FDA 510(k) Clearance Letter - Asurys™ Fluid Management System

Page 1

U.S. Food & Drug Administration
10903 New Hampshire Avenue
Silver Spring, MD 20993
www.fda.gov

Doc ID # 04017.08.04

March 27, 2026

Boston Scientific Corporation
Spencer Duncan, RAC
Principal Regulatory Affairs Specialist
300 Boston Scientific Way
Marlborough, MA 01752

Re: K251273
Trade/Device Name: Asurys™ Fluid Management System
Regulation Number: 21 CFR§ 884.1700
Regulation Name: Hysteroscopic Insufflator
Regulatory Class: II
Product Code: HIG, LJH
Dated: March 23, 2026
Received: March 23, 2026

Dear Spencer Duncan:

We have reviewed your section 510(k) premarket notification of intent to market the device referenced above and have determined the device is substantially equivalent (for the indications for use stated in the enclosure) to legally marketed predicate devices marketed in interstate commerce prior to May 28, 1976, the enactment date of the Medical Device Amendments, or to devices that have been reclassified in accordance with the provisions of the Federal Food, Drug, and Cosmetic Act (the Act) that do not require approval of a premarket approval application (PMA). You may, therefore, market the device, subject to the general controls provisions of the Act. Although this letter refers to your product as a device, please be aware that some cleared products may instead be combination products. The 510(k) Premarket Notification Database available at https://www.accessdata.fda.gov/scripts/cdrh/cfdocs/cfpmn/pmn.cfm identifies combination product submissions. The general controls provisions of the Act include requirements for annual registration, listing of devices, good manufacturing practice, labeling, and prohibitions against misbranding and adulteration. Please note: CDRH does not evaluate information related to contract liability warranties. We remind you, however, that device labeling must be truthful and not misleading.

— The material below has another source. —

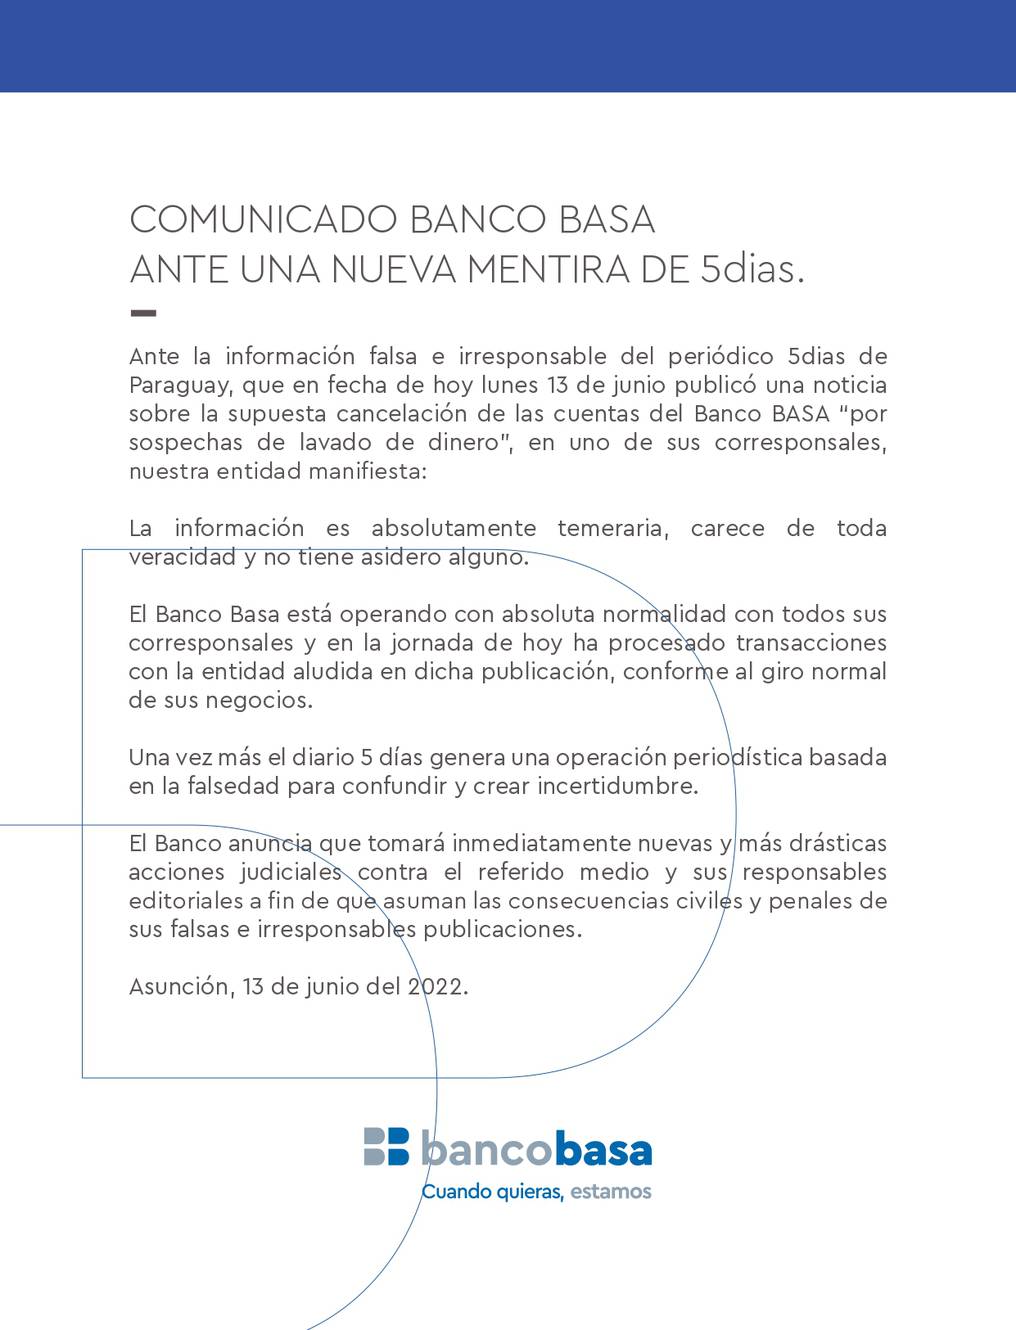 Banco Basa aclaró que la información publicada carece de toda veracidad. Foto: Gentileza.

If your device is classified (see above) into either class II (Special Controls) or class III (PMA), it may be subject to additional controls. Existing major regulations affecting your device can be found in the Code of Federal Regulations, Title 21, Parts 800 to 898. In addition, FDA may publish further announcements concerning your device in the Federal Register.

Page 2

K251273 - Spencer Duncan, RAC
Page 2

Additional information about changes that may require a new premarket notification are provided in the FDA guidance documents entitled "Deciding When to Submit a 510(k) for a Change to an Existing Device" (https://www.fda.gov/media/99812/download) and "Deciding When to Submit a 510(k) for a Software Change to an Existing Device" (https://www.fda.gov/media/99785/download).

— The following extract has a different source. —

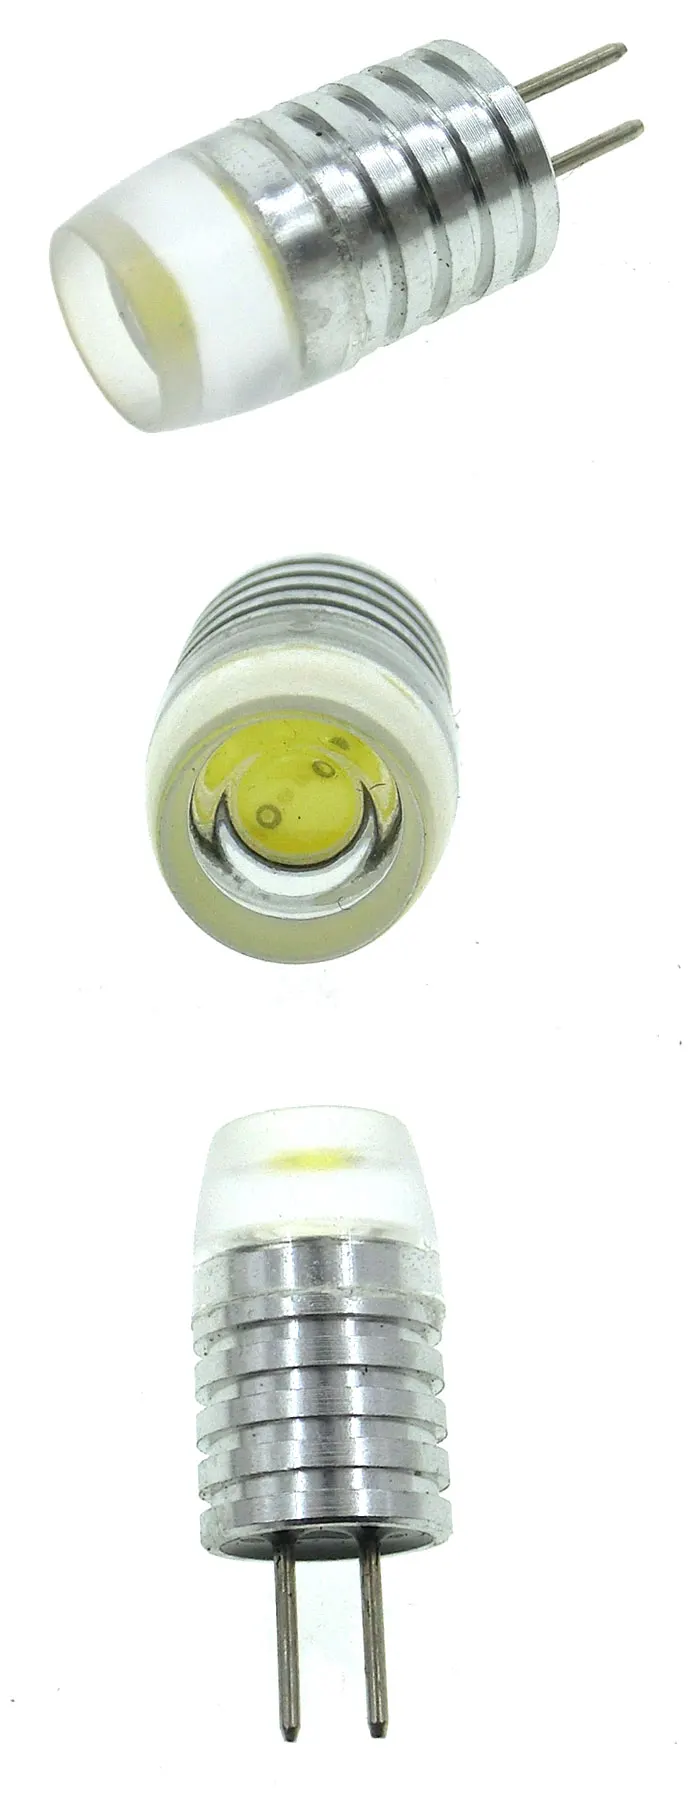 Waterproof-G4-LED-Light-Bulb-1W-Mini-Size

Your device is also subject to, among other requirements, the Quality Management System Regulation (QMSR) (21 CFR Part 820), which includes, but is not limited to, ISO 13485 clause 7.3 (Design controls), ISO 13485 clause 8.3 (Nonconforming product), ISO 13485 clause 8.5.2 (Corrective action), and ISO 13485 clause 8.5.3 (Preventative action). Please note that regardless of whether a change requires premarket review, the QMSR requires device manufacturers to review and approve changes to device design and production (ISO 13485 clause 7.3 and ISO 13485 clause 7.5) and document changes and approvals in the Medical Device File (ISO 13485 clause 4.2.3).

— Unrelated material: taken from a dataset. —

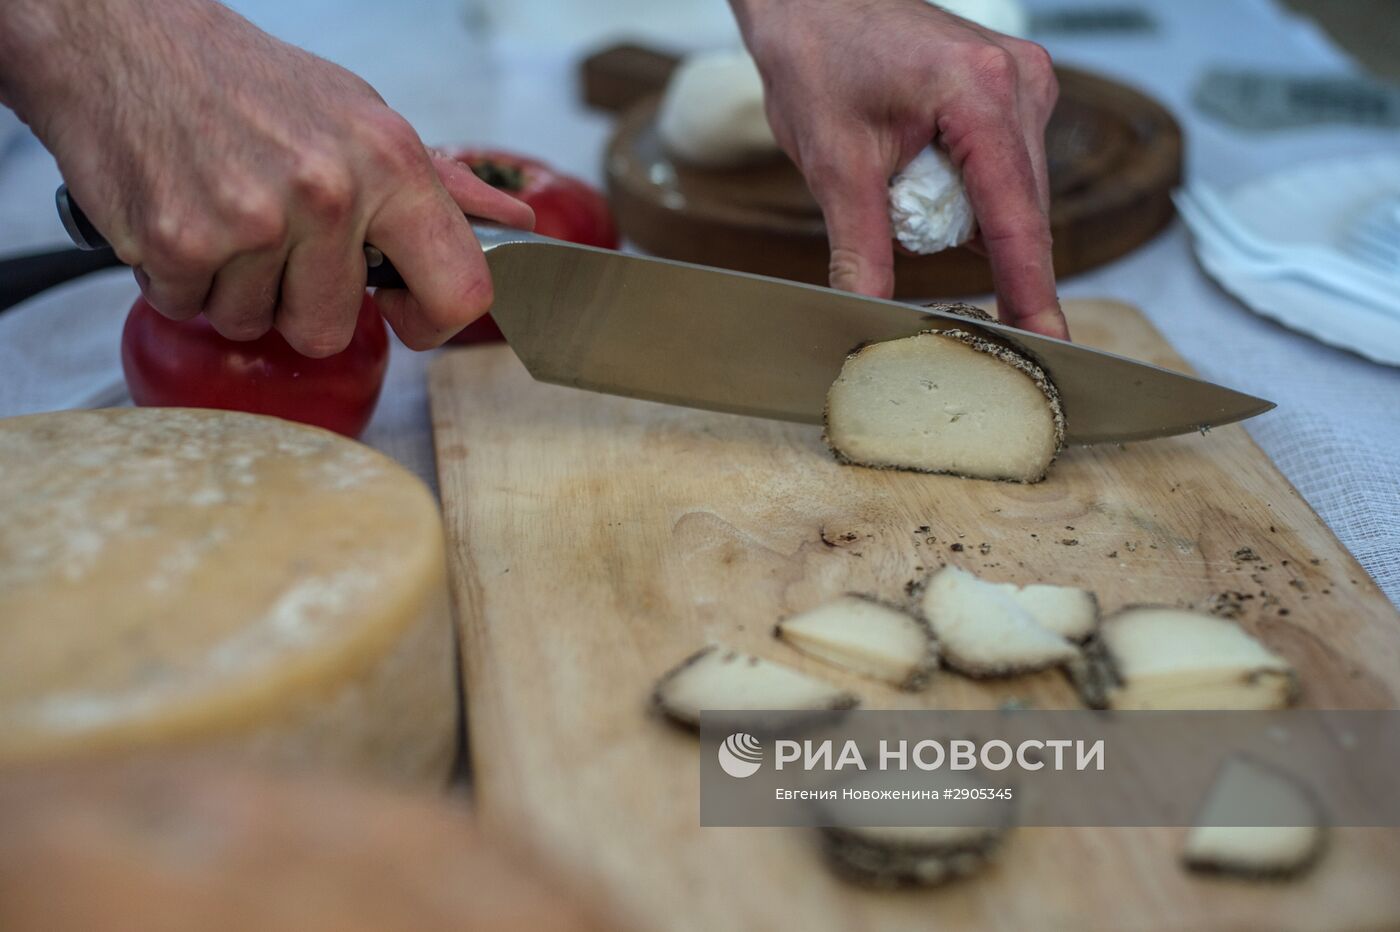 Сырный фестиваль в Московской области

Please be advised that FDA's issuance of a substantial equivalence determination does not mean that FDA has made a determination that your device complies with other requirements of the Act or any Federal statutes and regulations administered by other Federal agencies. You must comply with all the Act's requirements, including, but not limited to: registration and listing (21 CFR Part 807); labeling (21 CFR Part 801); medical device reporting (reporting of medical device-related adverse events) (21 CFR Part 803) for devices or postmarketing safety reporting (21 CFR Part 4, Subpart B) for combination products (see https://www.fda.gov/combination-products/guidance-regulatory-information/postmarketing-safety-reporting-combination-products); good manufacturing practice requirements as set forth in the Quality Management System Regulation (QMSR) (21 CFR Part 820) for devices or current good manufacturing practices (21 CFR Part 4, Subpart A) for combination products; and, if applicable, the electronic product radiation control provisions (Sections 531-542 of the Act); 21 CFR Parts 1000-1050.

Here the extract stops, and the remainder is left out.